Partai Demokrat juga menolak keras wacana tersebut. Sekjen Partai Demokrat Hinca Panjaitan dengan tegas mengatakan partainya menolak masa jabatan presiden hingga tiga periode. Selain itu, Partai Demokrat juga menolak wacana pemilihan presiden dan wakil presiden oleh wakil rakyat. 

"Kekuasaan presiden yang terlalu lama di tangan satu orang cenderung untuk disalahgunakan atau abuse of power. Jasmerah, jangan sekali-kali kita melupakan sejarah," kata Hinca. Ia juga mengatakan, pemilihan presiden oleh MPR jelas merupakan kemunduran demokrasi dan melukai serta menyakiti rakyat. Pemilihan presiden secara Iangsung oleh rakyat, ujar Hinca, adalah konsensus bangsa untuk tidak mengulangi lagi sejarah kelam kehidupan bangsa dan negara di masa lalu.
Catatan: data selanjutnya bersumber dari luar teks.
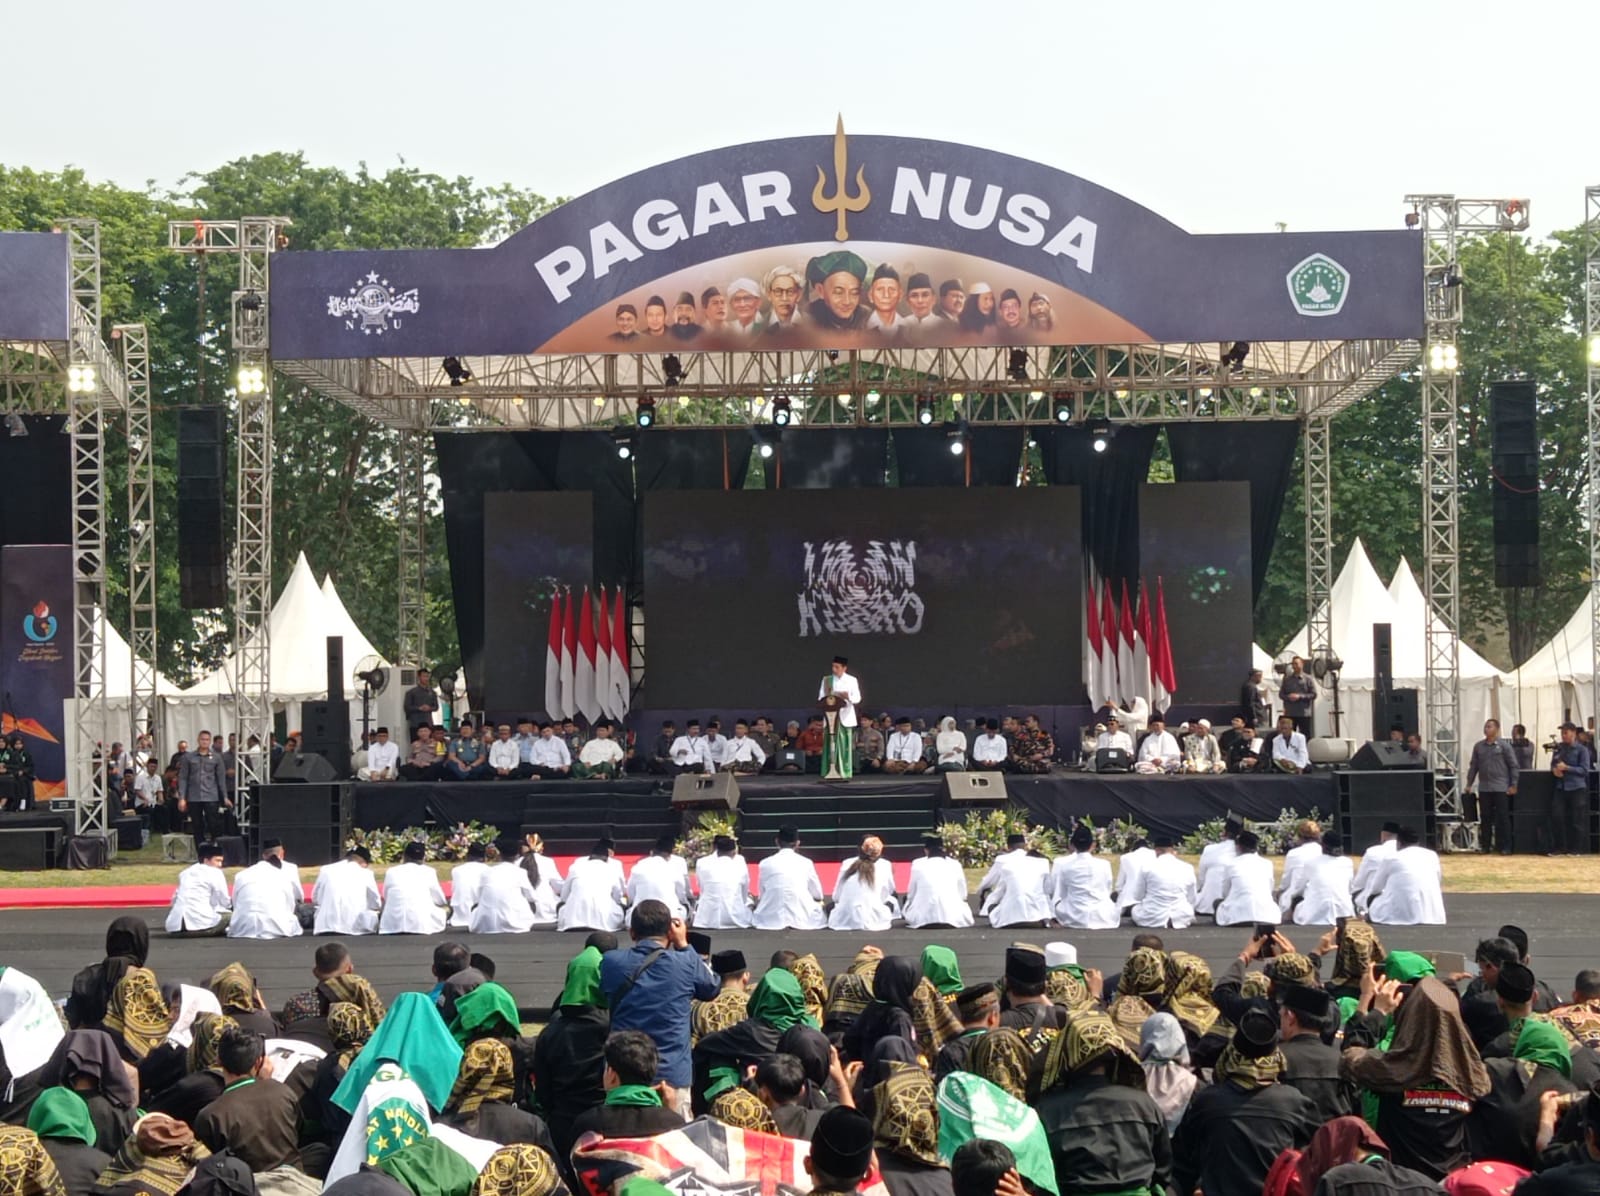 Joko Widodo Presiden saat menberi sambutan dalam ijazah kubro dan pengukuhan pimpinan Pagar Nusa masa khidmat periode 2023-2028 yang berlangsung di Lapangan Jala Krida Mandala, Morokrembangan, Krembangan, Surabaya, pada Minggu (22/10/2023). Foto: Risky suarasurabaya.net

Peneliti dari Indonesian Corruption Watch (ICW) Lola Ester, menyebut wacana ini wajar ditolak. Suara penolakan yang gencar ini dianggapnya bisa menyelamatkan demokrasi Indonesia dari ancaman otoriterisme. Lola bahkan bilang wacana penambahan masa jabatan Presiden RI akan mengembalikan negara seperti era Orde Baru.
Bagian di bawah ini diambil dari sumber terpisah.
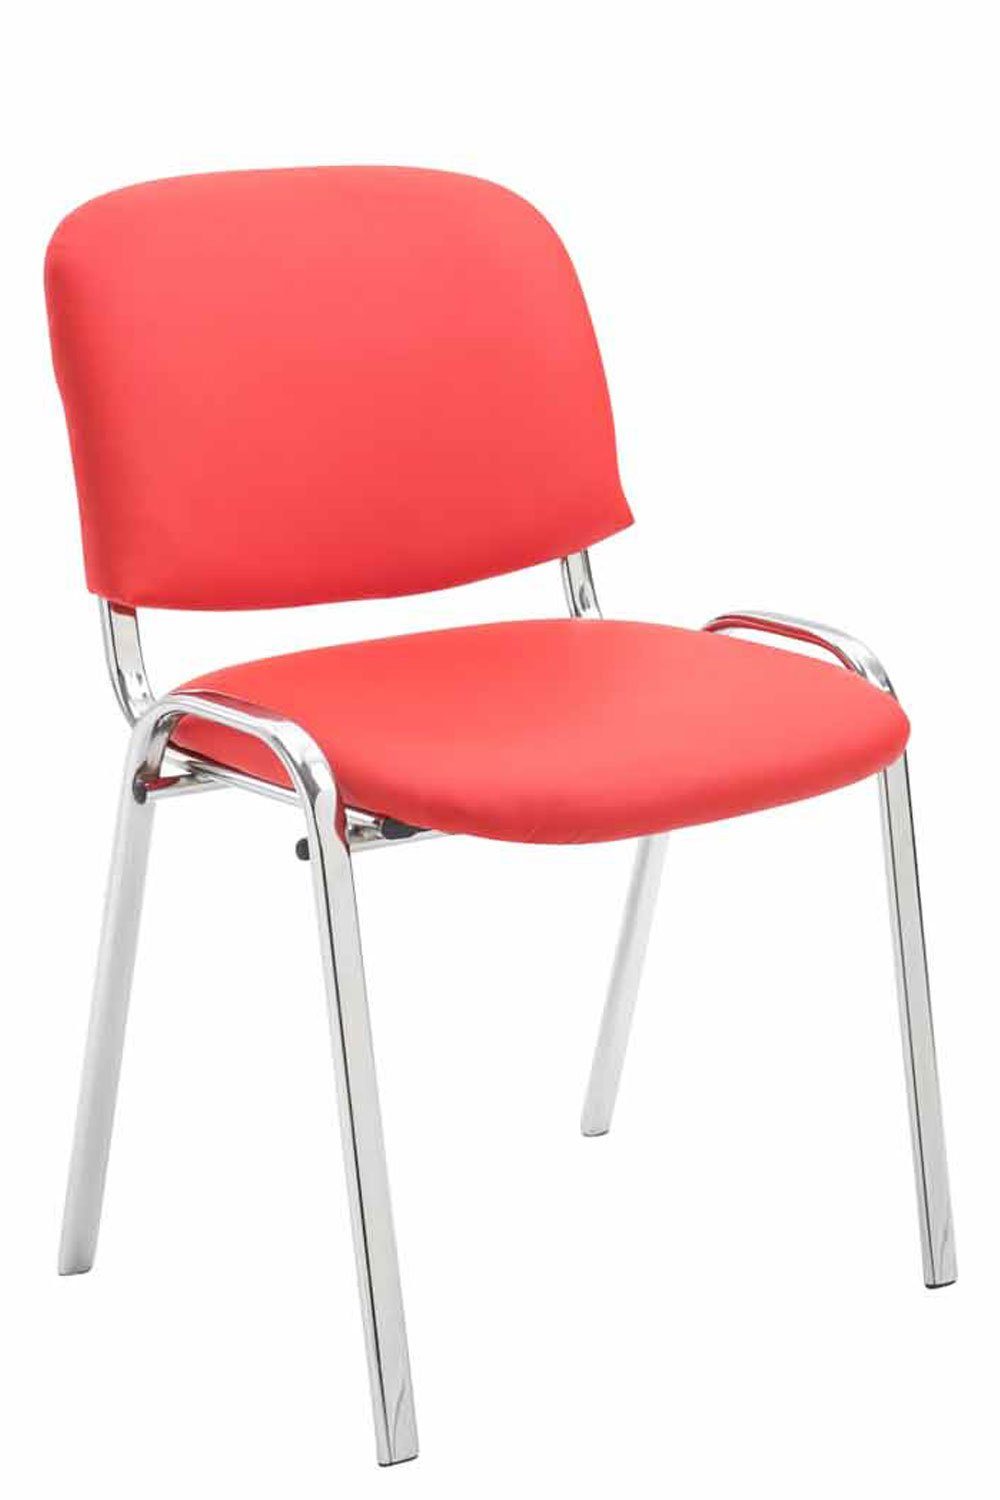 TPFLiving Besucherstuhl Keen mit hochwertiger Polsterung - Konferenzstuhl (Besprechungsstuhl - Warteraumstuhl - Messestuhl), Gestell: Metall chrom - Sitzfläche: Kunstleder rot | Besucherstühle

"Amandemen konstitusi yang sekarang bisa memuluskan lahirnya negara yang otoriter pasca Orde Baru, dalam arti ketika kepala negara bisa diperpanjang lebih dari dua kali. Itu memastikan bahwa peluang otoriter akan terulang lagi," tuturnya.

Jokowi Sinis

Penolakan yang kuat dari berbagai elemen masyarakat ternyata juga merembet ke presiden. Setelah menyampaikan kata-kata yang 'pedas,' dan menganggap wacana telah melebar, Jokowi dengan tegas mengatakan, jika usulan amandemen melebar, lebih baik tak usah ada amandemen. 

Sebagai hasil dari produk pemilu langsung, Jokowi menganggap wacana presiden tiga periode sudah melebar. Jokowi menegaskan, jika ada keinginan MPR untuk melakukan amandemen, maka cukup pada haluan negara saja. Tidak usah melebar hingga ke masa jabatan presiden.  

"Kalau ke mana-mana, lebih baik tidak usah amandemen. Kita konsen saja ke tekanan-tekanan eksternal," ujar Jokowi.